I was always very particular about my fruit and vegetables and have paid special attention that my son gets his 5+ servings of fruit and vegetables a day. A few great tips to get you started here.
The place I started was making sure I added at least two portions of fruit and one portion of vegetables to his lunch box. You’ll find several creative and very scrumptious ideas here. Making the food look colorful and fun will always appeal to your child and soon you’ll be seeing empty lunch boxes.
The next step for me was integrating more grains, cereals and nuts. I found myself becoming creative with ingredients like bulgur, couscous, quinoa, amaranth and co. Light stir-fries or steamed vegetables and fresh salads incorporated with some bulgur or couscous were the way we began to enjoy our dinners.

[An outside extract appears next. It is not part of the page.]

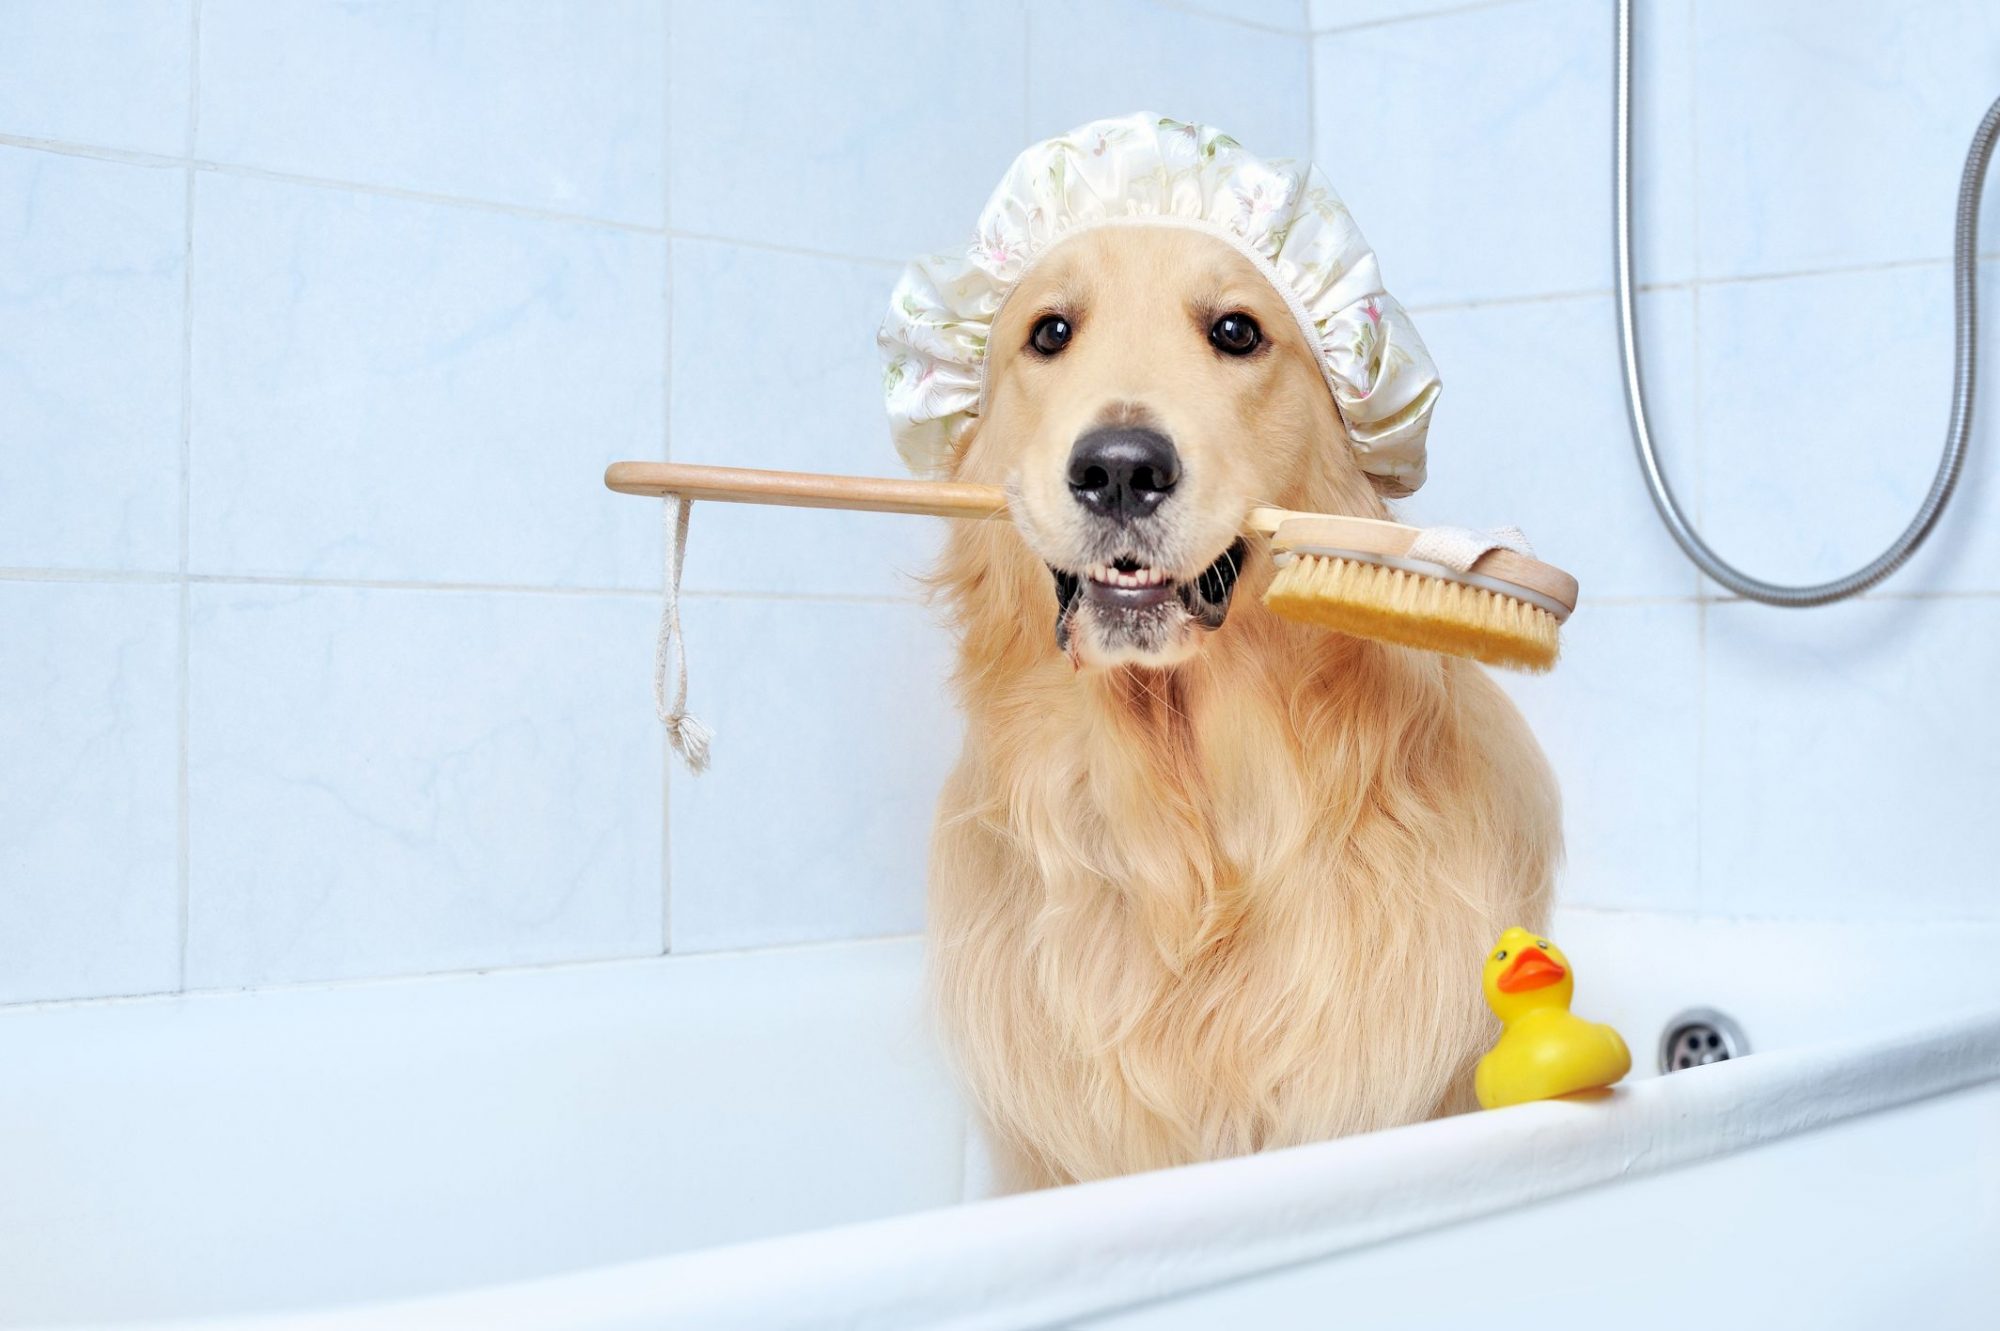 A smelly old dog is taking a bath to help eliminate the odor.

I’ve always made my own granola, but here too I experimented with cereals like spelt flakes and popped amaranth, adding amounts of chopped nuts and a mixture of dried and fresh fruit.
Here are a few great ideas for you to try out:
- Bulgur with Vegetables and Feta
- Couscous Salad
- Breakfast Couscous
- Tunisian Farka
- Quinoa Pudding
- Nutty Amaranth Granola with Fresh Berries
Next I needed to tackle the protein and being an Indian I know the best place to get them is in legumes. Before you start giving me excuses that your child will not eat lentils or beans take a look at these great ideas and then tell me your child will not eat beans and lentils!
- Black Bean Chili with Saffron Rice
- Sprouted Masoor Usal
- Chickpea Pumpkin Tajine with Coconut Couscous
- Mixed lentil soup
It has always been very important to me as a mum not to raise a picky eater. Soeren and I have a pact – if he eats his 5+ portions a day he can have one sweet or dessert. To help him see this visually we made our own fruit and vegetables chart. With the help of this list and the nutrient information here, we printed a daily chart. For every fruit or vegetable he ate he got to color a box in. If 5 boxes were colored, he got to choose his sweet or dessert for the day. This was a huge motivation for him in the beginning. What’s more having the list in front of me I could see where I could improve myself and offer more variety.
At first I kept the food simple. There was nothing too fancy or extravagant that might be refused. I substituted rice and pasta for bulgur or quinoa, mixed lentils in with pasta sauces, left out the salami on pizzas and added spinach and feta cheese instead. Slowly discovering if his tastebuds would warm up to the new meal plan. I often use pasta made with spelt or buckwheat flour, which we found nuttier in flavor. Once it was clear which foods he was enjoying I started to be more creative and experimented more.
I do allow snacking! As vegetarian diets are high in fibre and low in calories, a child's stomach will become full quite quickly without having had the chance of taking in the required amount of calories needed to meet their energy level. But we snack cleverly with nuts, dried fruit or bread sticks. Soeren eats 5 smaller meals a day, which keeps his energy level on a balance throughout the day.
I am not fighting any fat cells with my child. He is extremely energetic and very slim. The percentage of North American children who are overweight has reached the point where childhood obesity is now considered a major health problem. In Europe too many experts and nutritionalists are warning parents about the health and psychological issues childhood obesity carries with it. I am doing something about it early because I want my son to grow up being carefree and enjoying every aspect of his life.
Note: I am not a certified dietician, nutritionalist or a doctor. I am a mother of a 6 year old boy, who is full of energy and life. I have written this article purely based on my experience over the last six years of motherhood.